Late this past weekend I took a look at HBO’s new film Mountainhead. It’s gotten a lot of mainstream attention in the last few weeks, including about the $65 million house where the movie is set. Mostly, I found the movie to be a quite literal and unlikeable presentation of a few widely circulated criticisms of the tech industry. Like Succession, also written and directed by Jesse Armstrong, it seems to draw a lot of its appeal from the voyeuristic curiosity of its audience. Mountainhead watchers must wonder about what type of house you vacation at when you are young-ish and among the richest people in the world. What does entertainment, friendship, work-play look like at this level?

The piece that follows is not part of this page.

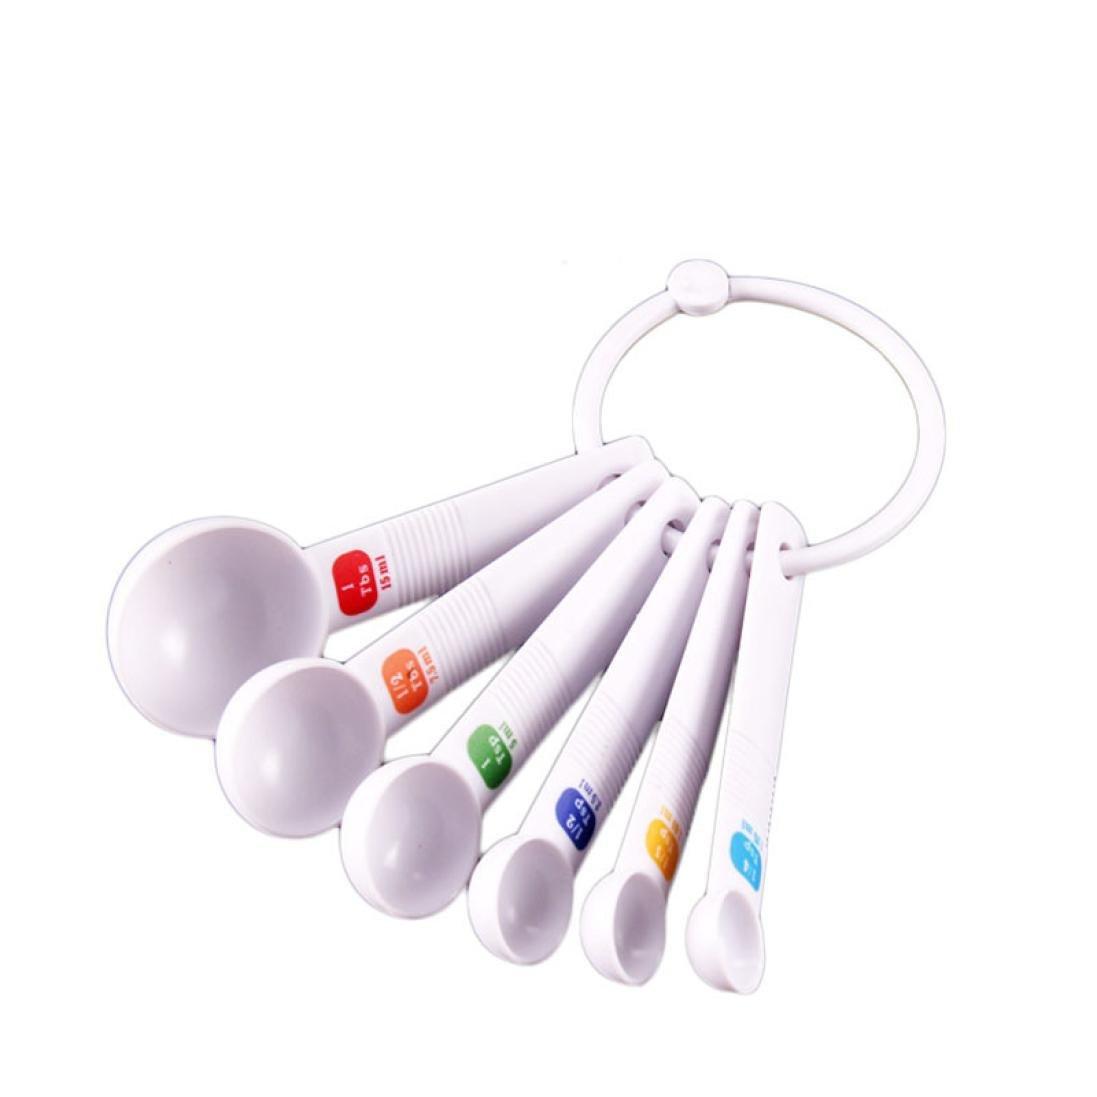 Measuring Spoon Tea Scoop Teaspoon Baking Cooking Kitchen Tool 6PC White Zolimx

This is one of those films that only makes sense if it comes with a claim to show “how it really is.” And yet, given the exclusivity of the subject matter, how would the audience know if the movie had gotten it right? One answer is that the film brings an obscure, elite situation down to the level of gossip–to the eminently comprehensible. These men, who claim to rule by means of their extraordinary talents and intelligence, must be disarmed, so that their fate unspools itself only through their basic qualities (honesty, courage, loyalty, ruthlessnes etc.). We may not be able to judge if the opulent setting is credible, but we can judge a character that is confronted with a situation.
What is distinctive about the setting of this movie is that it strips these men of their power. To buy this place at the top of the mountain and associate with one another, they had to fight to the top of the metaphorical pinnacle, conquering or creating entire industries. But all of the planes and motorcades and massive corporate armies that they command are removed from the situation. It’s a “poker weekend,” time off the clock, a chance to revel in ordinary time. And the film shows us leaders whose discomfort with power is almost paradoxical. What they seem to want is supremacy over one another: to be richer, more successful than the next person in the treehouse.